The European Commission Approves Zogenix’s FINTEPLA® (Fenfluramine) Oral Solution for the Treatment of Seizures in Dravet Syndrome

IndustryPRwire - Zogenix announced that the European Commission (EC) has granted marketing authorization for FINTEPLA® (fenfluramine) oral solution for the treatment of seizures associated with Dravet syndrome as an add-on therapy to other anti-epileptic medicines for patients two years of age and older. Dravet syndrome is a rare, lifelong epilepsy that begins in infancy and is marked by severe refractory seizures, frequent medical emergencies, significant cognitive and behavioral impairments, and an increased risk of sudden premature death (SUDEP).

“We deeply appreciate the physicians and Dravet community whose support led to this important milestone,” said Stephen J. Farr, Ph.D., President and CEO of Zogenix. “With the EC approval in place, we can now begin making FINTEPLA more widely available for the treatment of Dravet syndrome patients in Europe who seek new safe and effective treatment options.”

The EC’s approval of FINTEPLA was based on positive safety and efficacy results from two randomized, international, multi-center, placebo-controlled Phase 3 trials (Study 1 and Study 2), as well as data from an interim analysis of a long-term, open-label extension study in 330 Dravet syndrome patients treated up to 3 years.

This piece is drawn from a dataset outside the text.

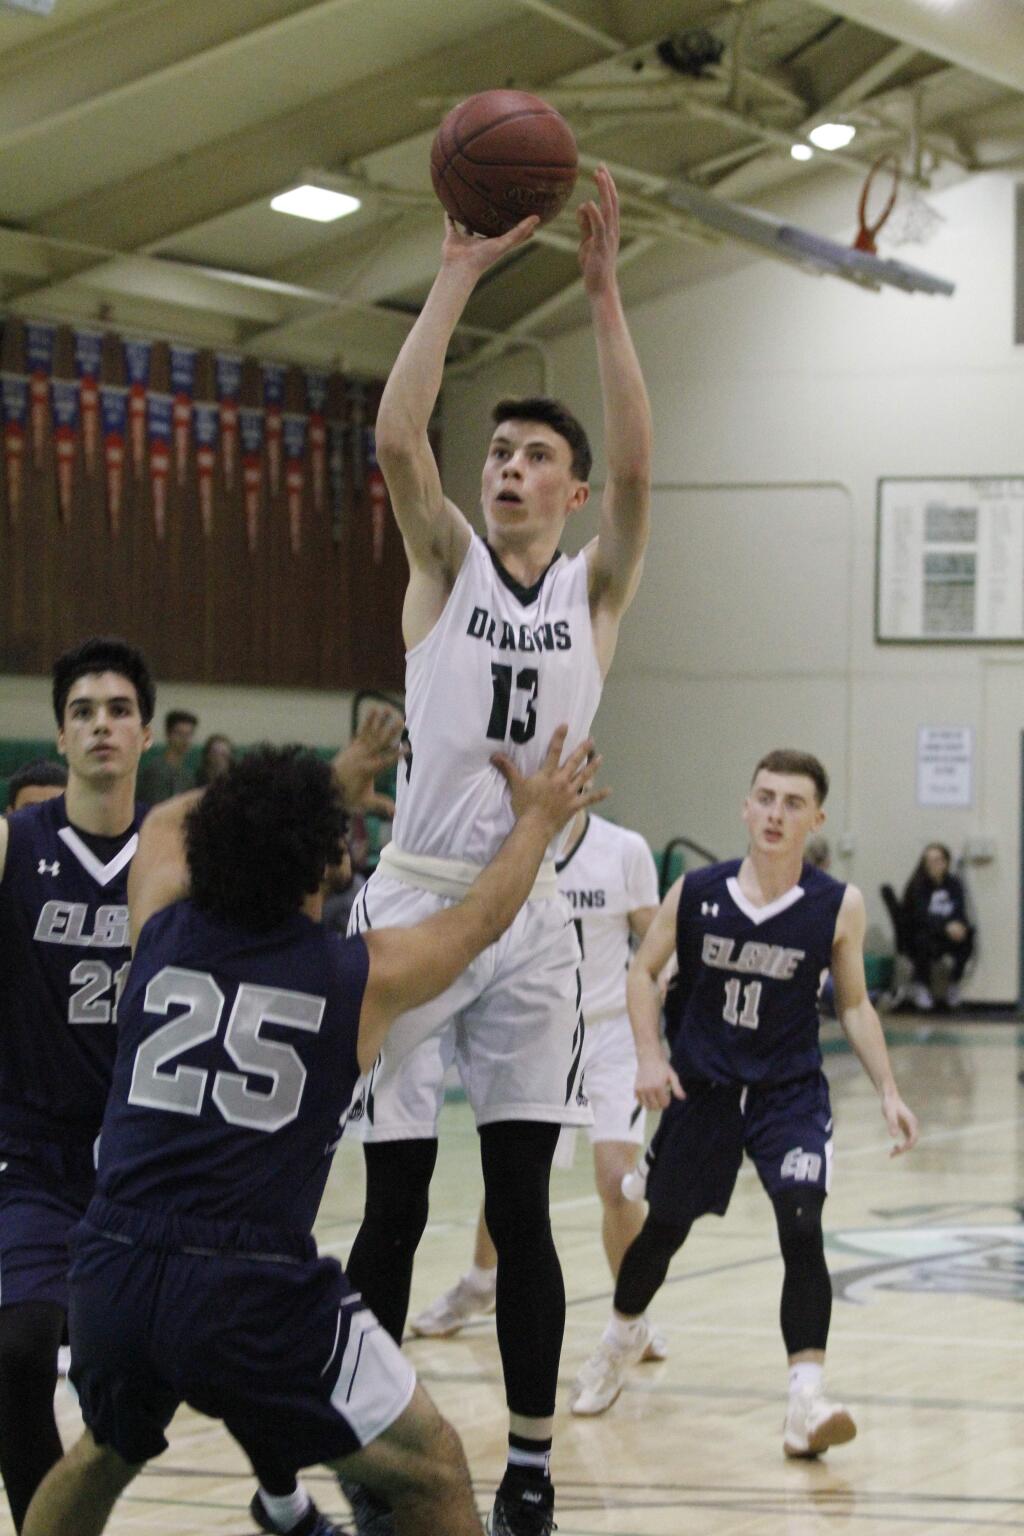 Jack Boydell shows the form that scored 28 points against Petaluma last week in this photo from an earlier game against Elsie Allen. (Bill Hoban/Index-Tribune)

“After a healthy start in life, children with Dravet syndrome suffer from frequent and prolonged epileptic seizures, which determine the future of the child and mean that parents are on constant alert. Current treatments for Dravet syndrome are unsatisfactory, resulting in the disease affecting motor and mental development,” said Dr. Tilman Polster, a pediatric epilepsy specialist at the Mara Hospital of the Bethel Epilepsy Centre in Bielefeld, Germany, and primary investigator for fenfluramine oral solution in Dravet syndrome in Germany. “Experience from clinical studies has shown that FINTEPLA offers an impressive reduction in seizures, plus an improvement in quality of life. In conjunction with the ongoing data being collected on the safety profile of the therapy, FINTEPLA represents an effective new treatment option and an important hope for the families concerned.”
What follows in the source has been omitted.